Por Enrique Subercaseaux
Director Fundación Voz Nacional


La mitología griega existe como un constructo colectivo.  Hechos de no fácil explicación, pero que había que ordenar dentro del imaginario colectivo, encontraron forma y cimientos dentro del esfuerzo creativo colectivo que cristalizaron la hilatura de mitos, que constituye la historia paralela de la antigua Grecia.

No es la única civilización que estimuló su creación. Todas las siguientes tiene una importante cuota mitológica.  Si se piensa bien, esta manera de hacer historia se acerca al populismo histórico: la sociedad tiene un decir, y la cronología se puede ir acomodando con diversas variantes, a gusto del pueblo.

Llegamos al siglo XX, una época que acumula conocimientos y experiencias como ninguna otra en el pasado, y el mito no solo sigue vivo, sino que se adentra en los pasillos del poder.

En efecto, a partir de Antonio Gramsci, y otra cantidad de autores de la orbita de izquierda, se preocupan de edulcorar el mito para presentarlo como una historia alternativa que precisa ser conocida para convencer en participar y, avanzar en el camino hacia la utopía socialista.

Evidentemente el largo camino hacia ella (aun en transcurso) precisa de mucha historia, mucha ficción y mucho engaño.  De allí la conveniencia de usar el “mito” ya que este por definición se basa en hechos y costumbres no comprobables. Pero que satisface a grandes porciones de la población. Esto, por una muy sencilla razón: todos pueden ser partícipes de la creación del mismo.

El dramatismo del mito lleva al compromiso emocional de los constructores del mismo. En este caso, el del proceso político, la real participación de la construcción de la utopía esta reservada a unos muy pocos: los que son capaces de crear una narrativa a partir de elementos que han sido cuidadosamente escogidos, y cuyo elemento épico es suficiente para atraer el interés y sublevar las emociones.

Toda revolución es una experiencia emocional: es por definición una experiencia colectiva, donde las fronteras del aporte individual se vuelven borrosas y se suman a un todo que es percibido por la masa como la totalidad de su horizonte: llegar a sus fronteras significa la exegesis de la utopía misma, a pesar que, en general, la sociedad o el colectivo, no se ha movido de un punto determinado.

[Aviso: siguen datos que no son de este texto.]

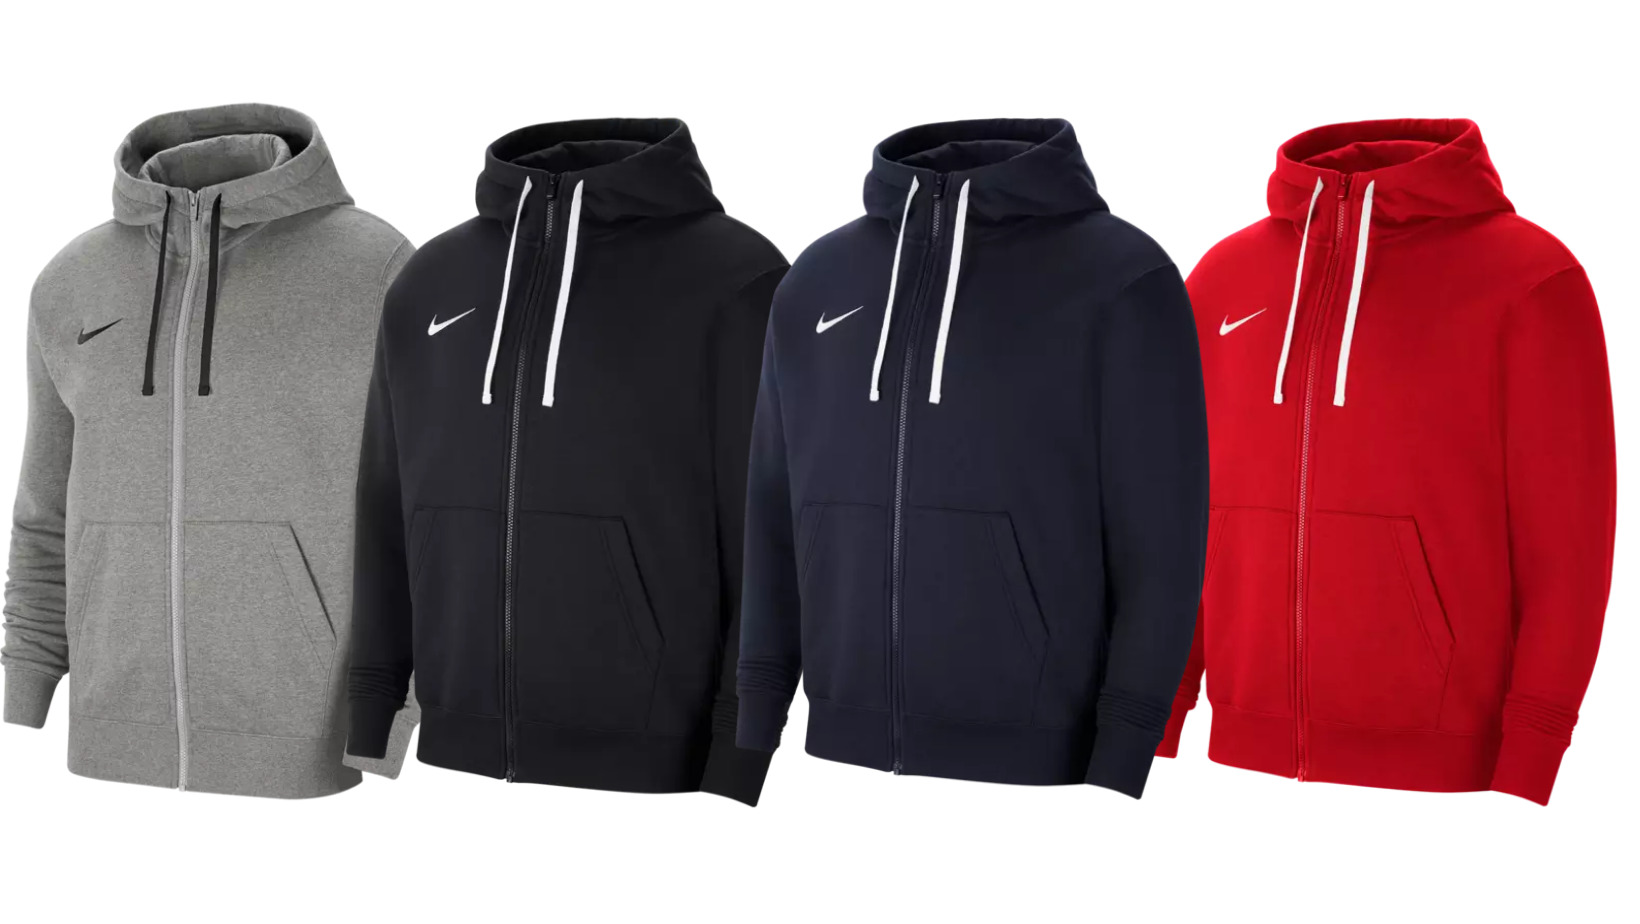 Nike Kapuzenjacke Team Park 20 für 29,99€ (statt 42€) - in 5 Farben

Ni avanza ni retrocede, pero se consume en las llamas de la revolución.

Para la construcción de tal estado, que carece de definición, y que es un poco la voluntad de todos, es preciso crear imágenes, crear mártires, crear símbolos.

De allí que los procesos revolucionarios vayan de la mano con una explosión creativa de arte panfletario. Un arte que se consume, y caduca, durante el proceso de revolución.

En Chile tenemos las pintadas de murallas, la épica de la conquista de un territorio, la destrucción de monumentos y lugares de culto. Los actos colectivos del feminismo radical, que parecen producto de mentes enajenadas, o sobreexcitadas con drogas.

Ello continuará y se multiplicará mientras dure la revolución, porque esa es la música, o el telón de fondo, de la tragedia que asola un país.

Para entender la sinrazón de una revolución como la chilena, que es producto del capricho, producto de una utopía que se quebró en 1973 (con el advenimiento del Gobierno Militar), hay que entender que parchar una utopía no es posible. Y que una nueva debe crearse a partir de escogidos elementos de una memoria selectiva.  Simultáneamente, se debe actualizar la temporalidad de las vivencias de la población. Entre 1973 y el 2018 se han sucedido muchas cosas, eventos, mutaciones y relatos que han cambiado completamente la escena.  No obstante, si se parte de un constructo/mito para avanzar hacia uno nuevo y distinto, es el algebra y la geometría del lenguaje la que tiene que ser modificada para acomodar las nuevas realidades y vivencias que se pretende modificar.

La sociedad vive de hechos concretos: trabajo, familia, hijos, espiritualidad, asuntos de dinero.  La construcción de un mito que produzca como conclusión una revolución se mueve en el plano de las emociones, del relato con visos de leyenda, del autoengaño colectivo.  En un mundo cada vez mas avaro de emociones, es cada vez más fácil vender el engaño.

Para hacerle frente, es preciso la actitud de quienes habitaron la Grecia mitológica:  impulsaron la racionalización lingüística de todo cuanto les rodeaba. Y la filosofía tuvo su gran expansión al fundarse sobre la razón por sobre las emociones, como la gran llave que abría los secretos de su existencia.

Pero aún hay más: los antiguos griegos se concentraron en templar su espiritualidad: el autoconocimiento como prerrequisito para entender el mundo que los rodeaba y sus caprichosas vicisitudes.